An acceptable answer repeats exactly the line containing "Руски председник Владимир" and all lines that follow it in the listing below, and it includes no pictures.

Collected material:
____

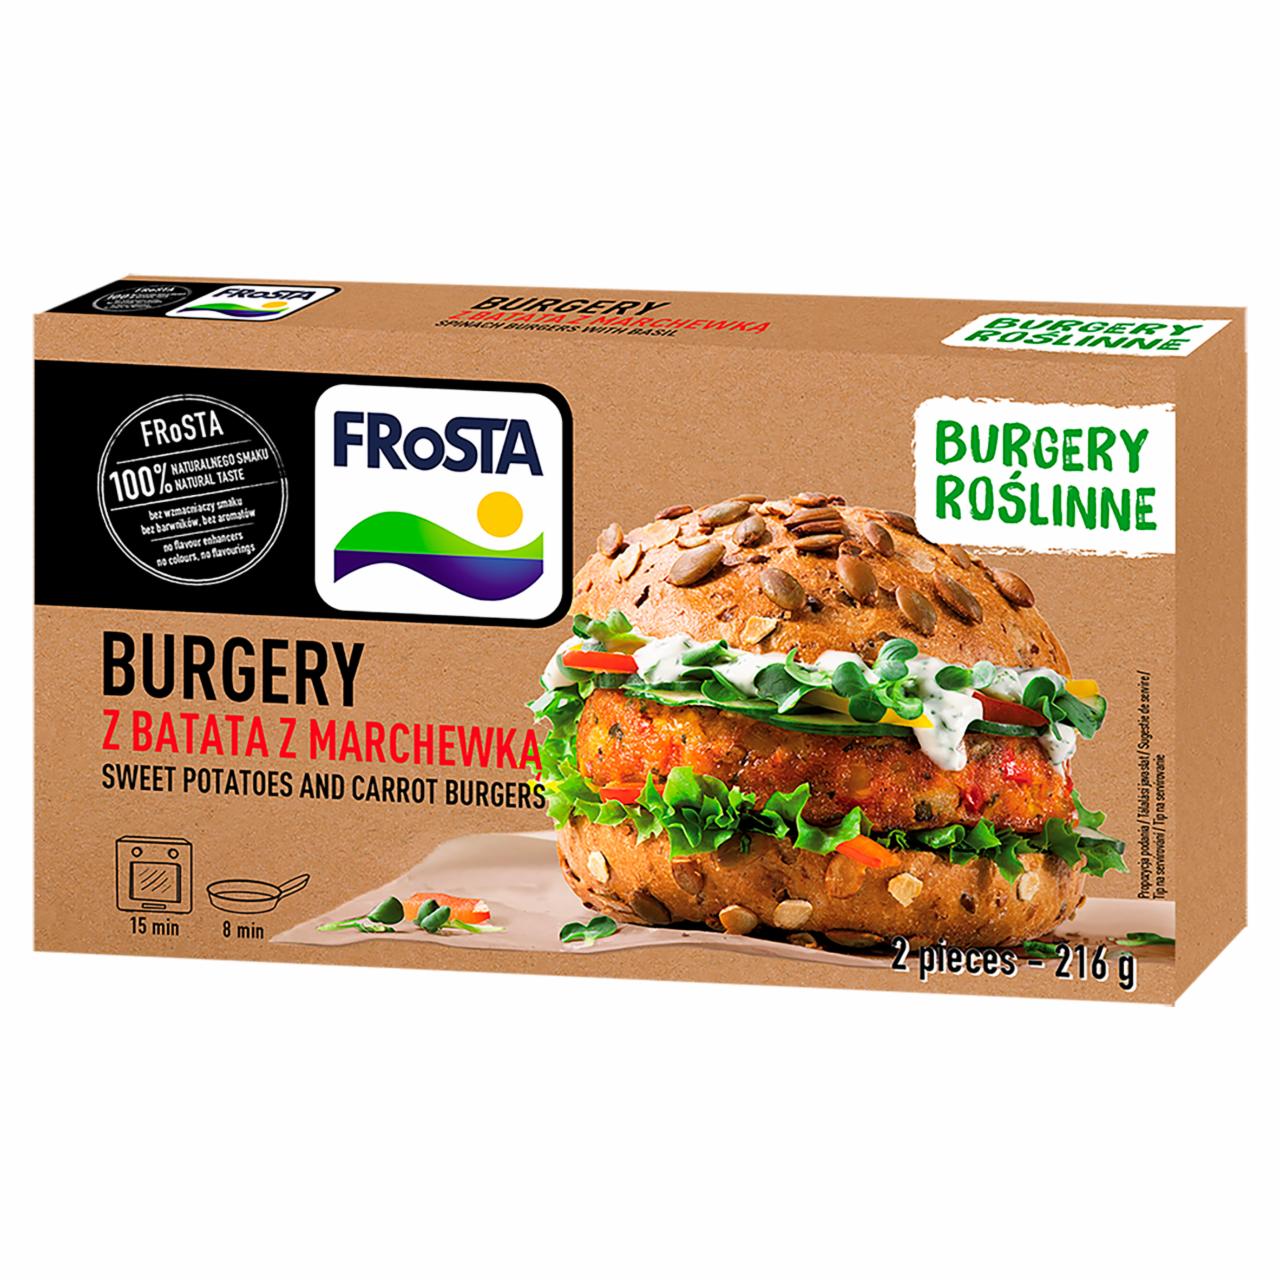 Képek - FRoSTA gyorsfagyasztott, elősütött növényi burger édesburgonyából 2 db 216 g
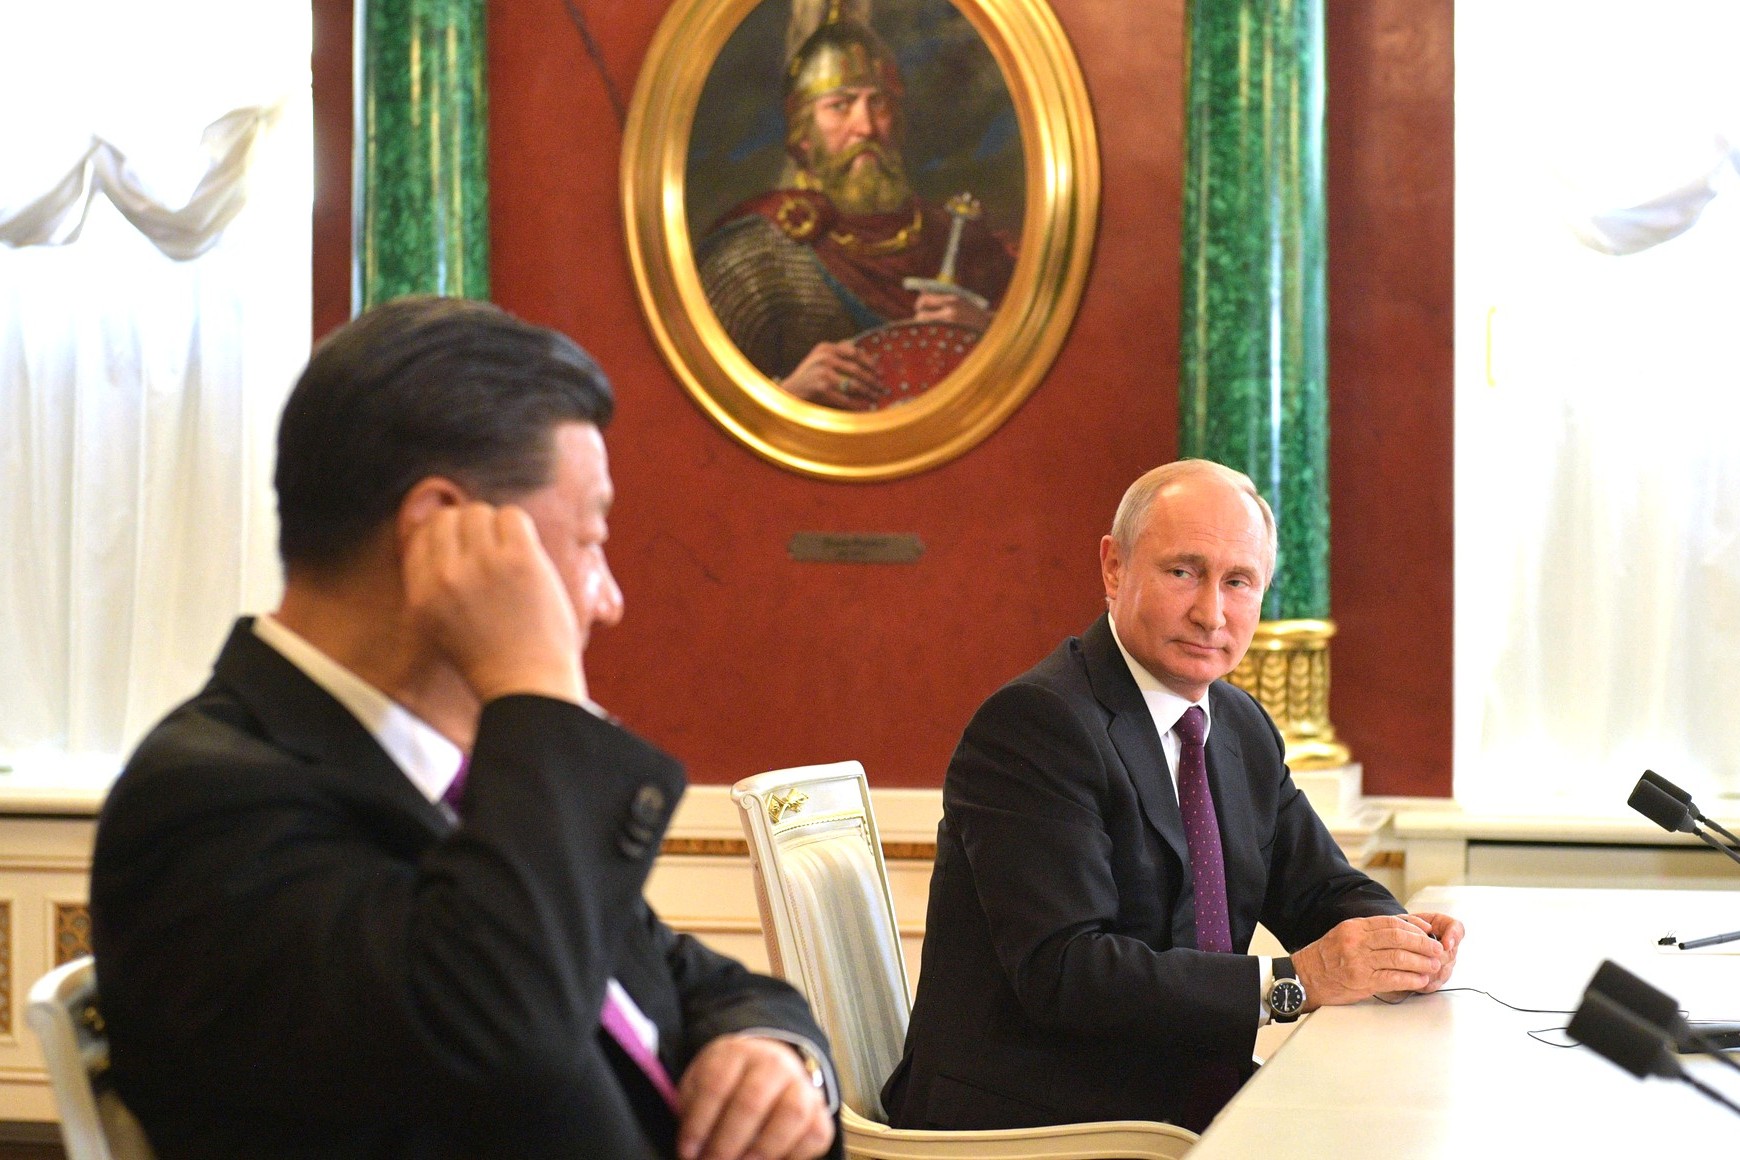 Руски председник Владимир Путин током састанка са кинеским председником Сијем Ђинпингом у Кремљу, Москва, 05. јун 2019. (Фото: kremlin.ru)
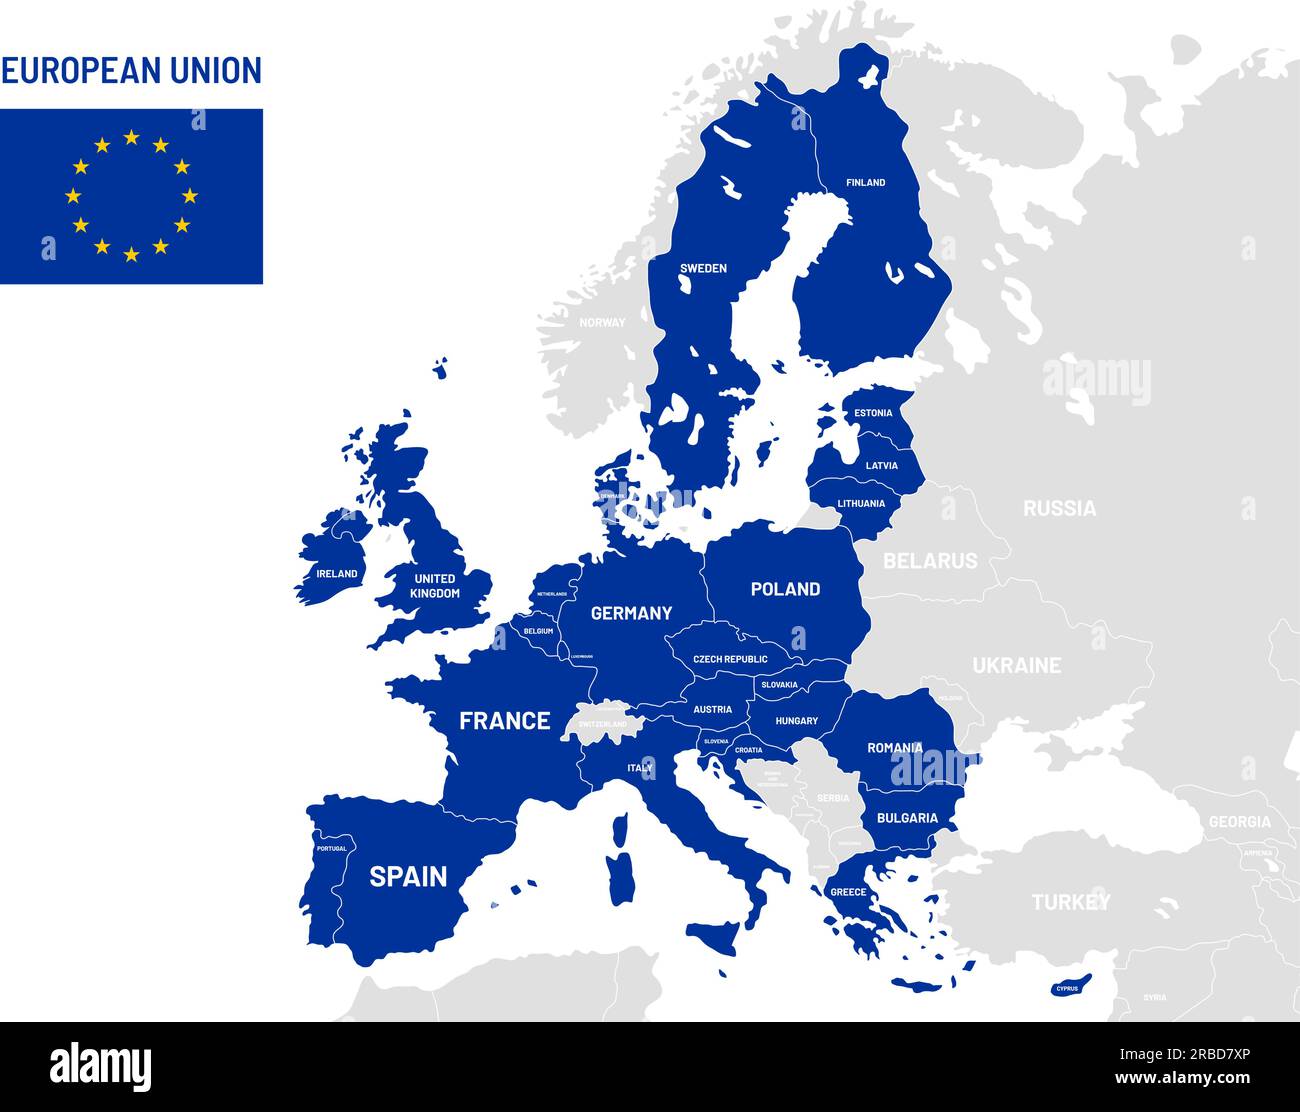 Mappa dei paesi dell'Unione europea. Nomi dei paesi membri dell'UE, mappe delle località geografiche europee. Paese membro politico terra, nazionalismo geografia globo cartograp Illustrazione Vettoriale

____

Your solution:
 Руски председник Владимир Путин током састанка са кинеским председником Сијем Ђинпингом у Кремљу, Москва, 05. јун 2019. (Фото: kremlin.ru)
 Mappa dei paesi dell'Unione europea. Nomi dei paesi membri dell'UE, mappe delle località geografiche europee. Paese membro politico terra, nazionalismo geografia globo cartograp Illustrazione Vettoriale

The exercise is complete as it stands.